Тут уж раздумывать было нечего. Я обогнул дом, как это подсказывал изгиб все той же зубастой дорожки, и сразу увидел, что — да, именно здесь может сдаваться… Одинокому. Безусловно, одинокому. Да уж трудно было бы выдумать более одинокое существо, чем я, — сейчас мысль эта уже не вызывала боли, я даже как-то бравировал ею. Перед самим собой.
Что же сулила эта сторона дома одинокому постояльцу? Я разглядывал с таким усердием, как будто уже дал задаток, площадку, не асфальтовую, а утрамбованную, песчаную, она напомнила бы площадку для игры в крокет, если бы была поменьше. Ее отделяла от дома ограда из смородинных кустов, подрезанных с большой аккуратностью и точным расчетом, так что, идя вдоль стены, вы никоим образом не рисковали зацепиться за эту ограду, но вместе с тем приятно ощущали возле себя этот свежий, зеленый бордюр. Да, приятно. Все здесь было именно приятным. К этому, еще должен бы обнаружиться небольшой, неназойливый цветничок…
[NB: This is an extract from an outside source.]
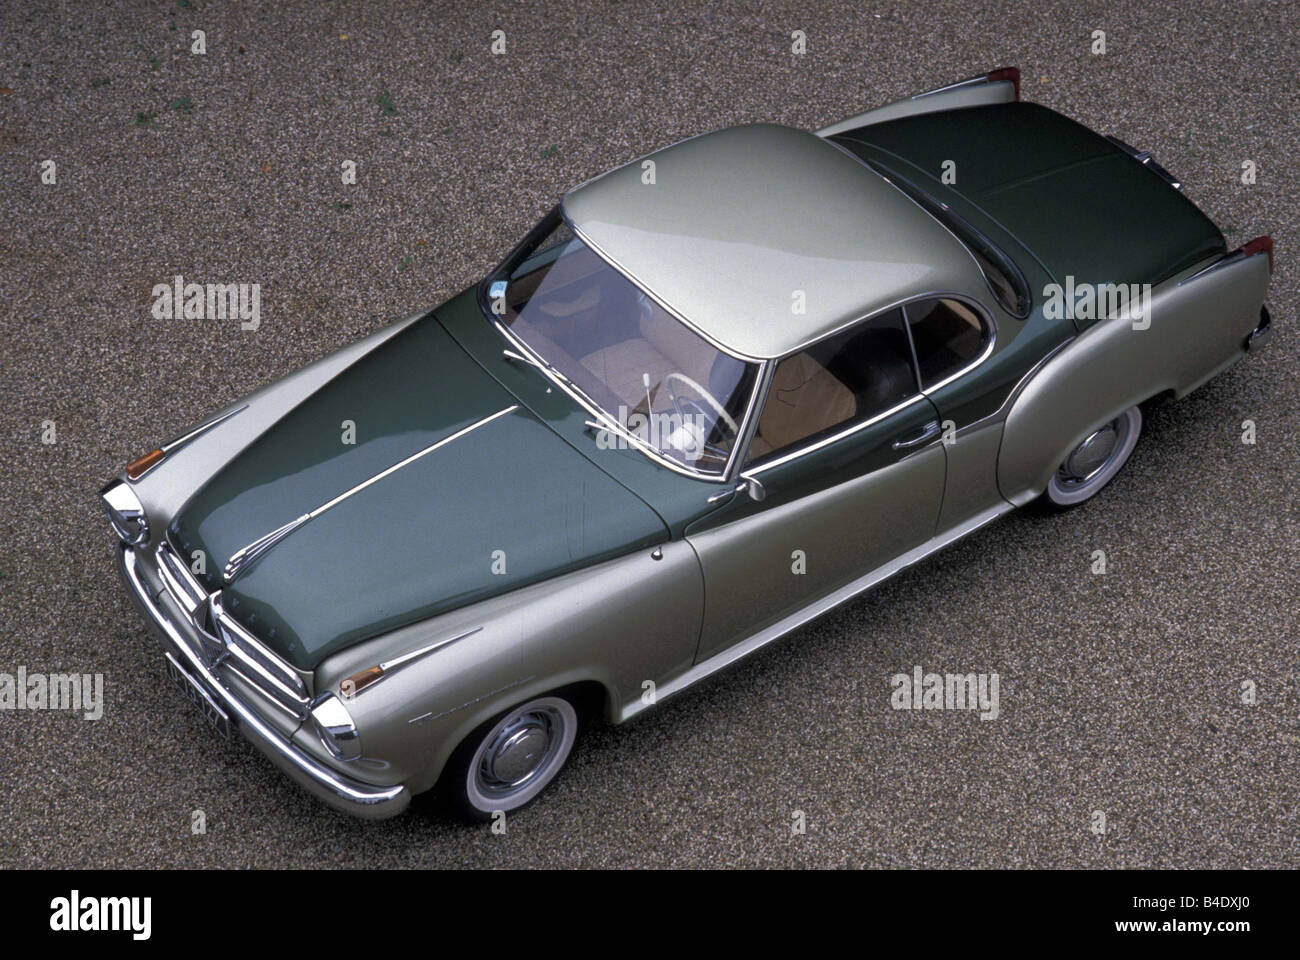 Car, Borgward Isabella Coupe/coupe, Vintage approx., model year 1958, silver-black, 1950s, sixties, FGUJ, standing, upholding, d Stock Photo

И только я об этом подумал, сразу же и нашел его: тут же за площадкой, — отсюда была видна лишь часть клумбы с острыми копьеобразными листьями ирисов, которые уже отцвели, но я не сомневался, что там еще много есть всякого, что как раз цветет…
И все это отзывалось во мне умиротворением, как-то утешительно. Чей-то голос подсказывал мне: «Вот видишь, еще можно жить на свете, — есть такой милый, утешительный дворик, где желтый песок и зеленые кусты декоративной смородины, а там еще и цветничок… И тишина. Разве ради этого не стоит жить? Но будет еще что-то. Еще что-то ждет ведь человека, если ему только восемнадцать…»
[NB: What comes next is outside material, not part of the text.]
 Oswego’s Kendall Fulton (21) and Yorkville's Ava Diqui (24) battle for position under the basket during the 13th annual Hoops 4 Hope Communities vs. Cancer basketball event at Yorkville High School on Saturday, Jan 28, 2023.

Прислушиваясь к этому голосу, я весь размягчался, открывался навстречу чему-то, что еще может произойти, — ну конечно, может… Да, мое положение не из легких. Но ведь мне ничто не грозит. Ничто не мешает мне просто жить. Как жил бы настоящий Вальтер Занг. И наверное, мне нужно почаще оглядываться ка него, примеряться к нему. Что бы он делал на моем месте? Уж конечно бы жил и радовался тому, что живет.
В такое время, когда проще простого свалиться с простреленной башкой или, того хуже, вернуться беспомощным калекой!…А тебе не стыдно так думать? Ну, почему же? Я не хотел жить ради жизни. Я был готов к подвигу, — да, именно так. Но немецкой молодежи требуется здоровое тело как вместилище здорового духа, ей понадобился новый плавательный бассейн…
И я пал жертвой… Значит ли это, что жизнь моя кончилась? Нет, нет! Я буду жить, как живется. Пока меня не позовут.
Думая так, я в глубине души понимал, что некому меня позвать, — кто меня разыщет? Где? Я не мог оставить никаких следов. Но было утешительно допускать такую возможность.